Is turned on and off. The AC voltage induced on the secondary side of the transformer T1 by this on / off is converted into a rectifier diode D
1 and D2, the coil L1 and the capacitor C1.
To make the drain voltage Vd of the FET3.

A control input (output voltage of the DC amplifier 11) is applied to the PWM control circuit 20, and the duty of the on / off pulse of the switching transistor Q1 is controlled in accordance with the control input.

An example of the drain voltage control power supply 12 is shown in FIG.
It is apparent that various modifications are possible without being limited to the above circuit.

[0025]

As described above, according to the present invention, when amplifying an input signal whose envelope level changes, the bias current of the gate bias circuit can be detected without providing a special envelope detection circuit. With such a simple configuration, there is an effect that an FET amplifier circuit always having the best efficiency can be obtained.

[Brief description of the drawings]

FIG. 1 is a diagram showing a configuration of an embodiment of the present invention.

FIG. 2 is a diagram illustrating an example of an operation characteristic of an FET.

FIG. 3 is a diagram showing a specific example of the drain voltage control power supply 12 of FIG.

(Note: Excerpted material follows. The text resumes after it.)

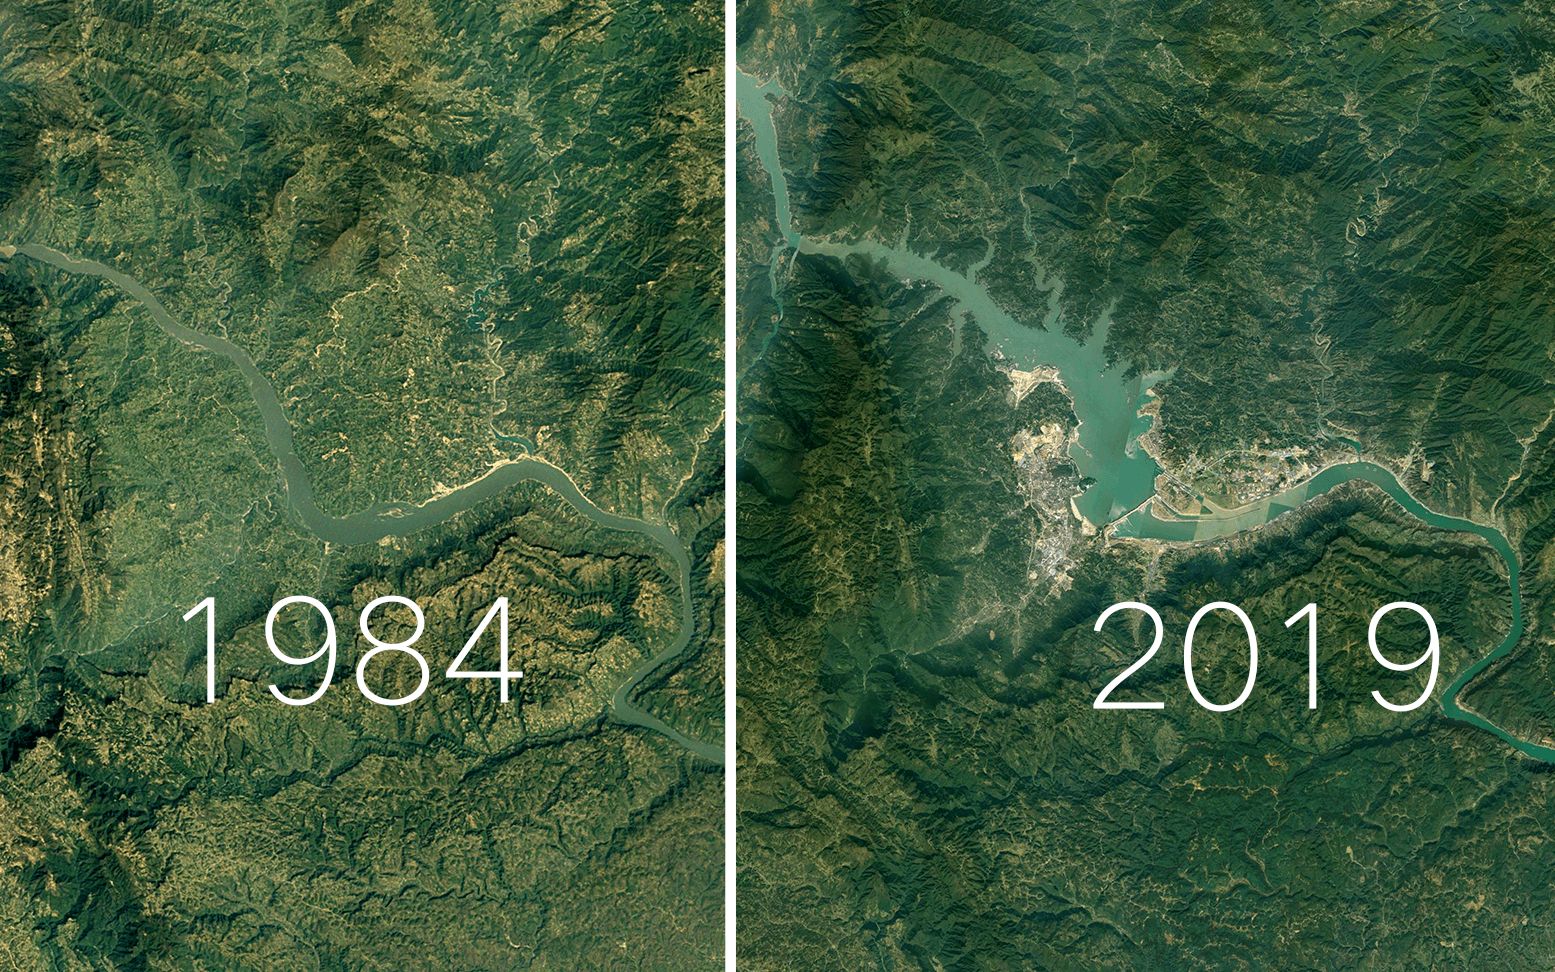 三峡大坝的寿命究竟有多久?建成15年了,2500亿投资收回来了吗?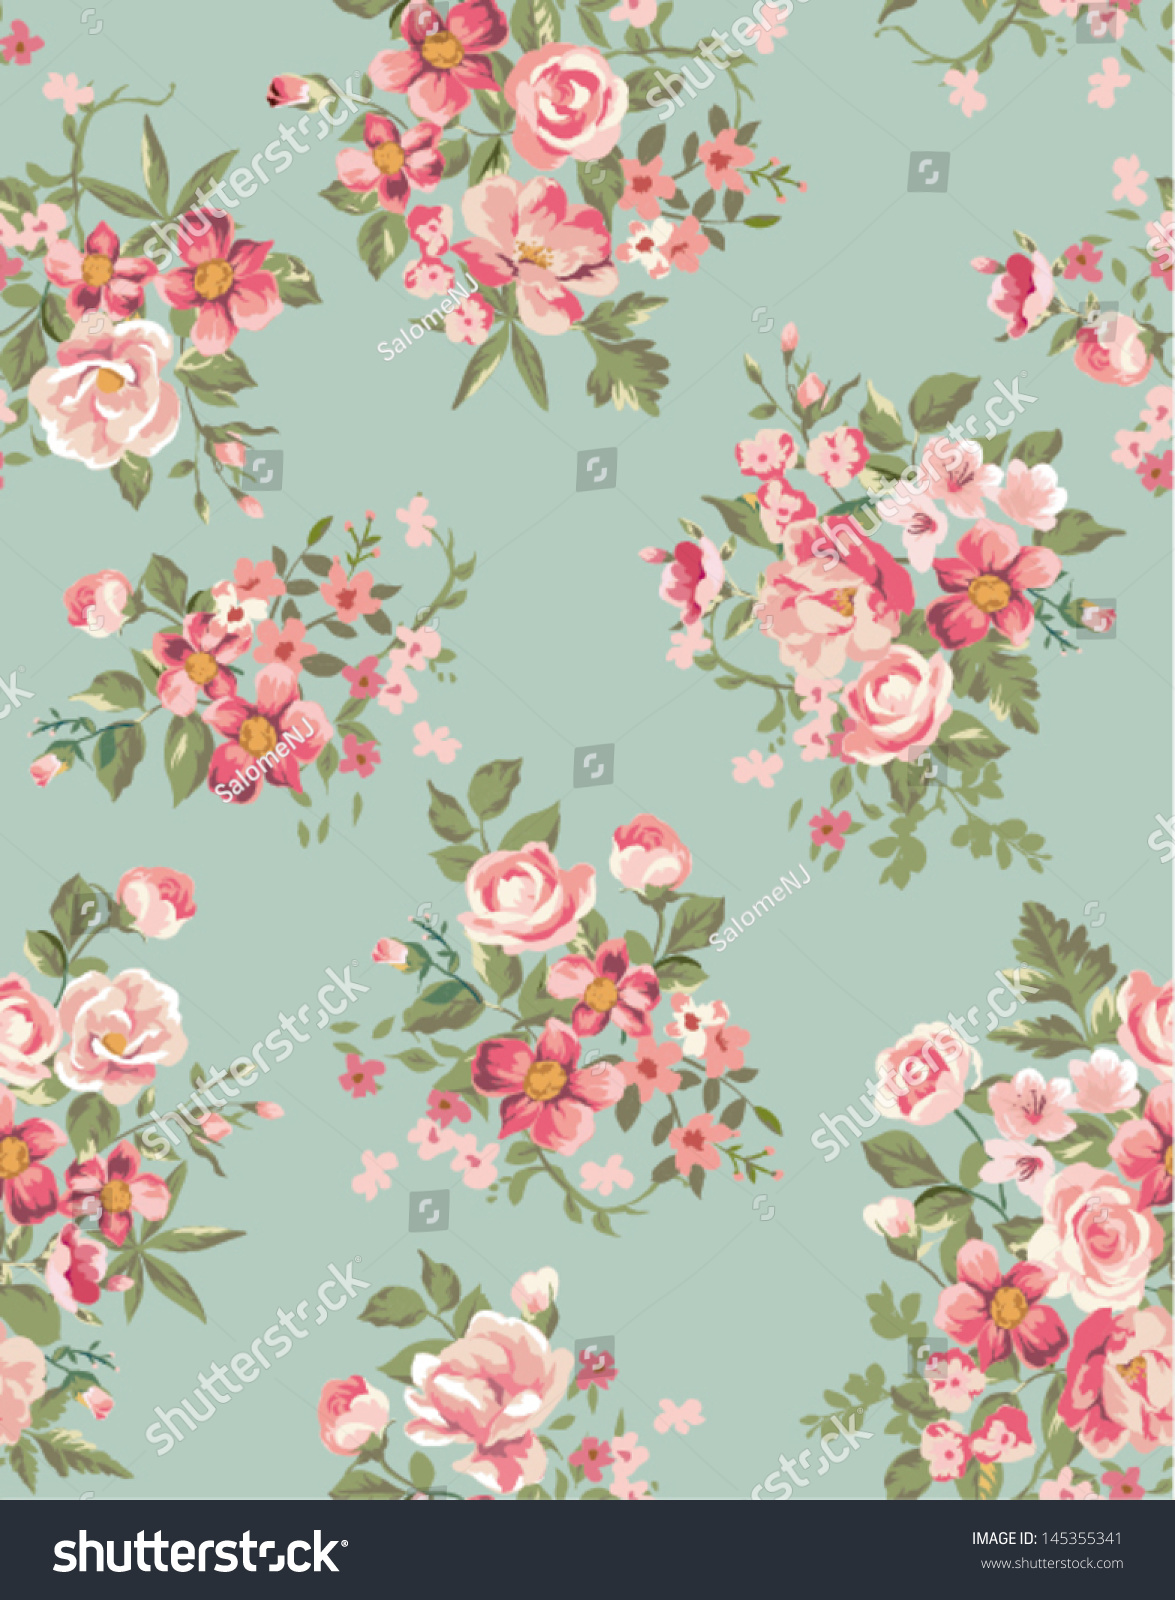 18+ Vintage Floral Wallpapers | Floral Patterns ...

FIG. 4 is a diagram illustrating an example of a conventional FET power amplifier circuit.

[Explanation of symbols]

 DESCRIPTION OF SYMBOLS 1 Input terminal 2, 4 DC cut capacitor 3 FET 5 Output terminal 6, 7 AC blocking choke coil 8 Gate bias power supply terminal 9 Positive power supply terminal 10 Gate bias current detection circuit 11 DC amplifier 12 Drain voltage control power supply

Claims (2)

(57) [Claims] 1. A grounded-source FET power amplifier circuit, comprising: detection means for detecting a gate bias current of the FET; and drain voltage control means for changing and controlling a drain voltage of the FET according to a result of the detection. See,
The drain voltage control means controls the gate voltage in accordance with the detection voltage.
So that the drain current is approximately equal to the negative peak value.
A power amplifier circuit characterized in that a voltage is controlled . 2. The detecting means comprises means for detecting the gate bias current and generating a detection voltage in accordance with the detected current, and the drain voltage control means controls a drain voltage of the FET in accordance with the detected voltage. 2. The power amplifier circuit according to claim 1, wherein the power amplifier circuit is configured to perform change control.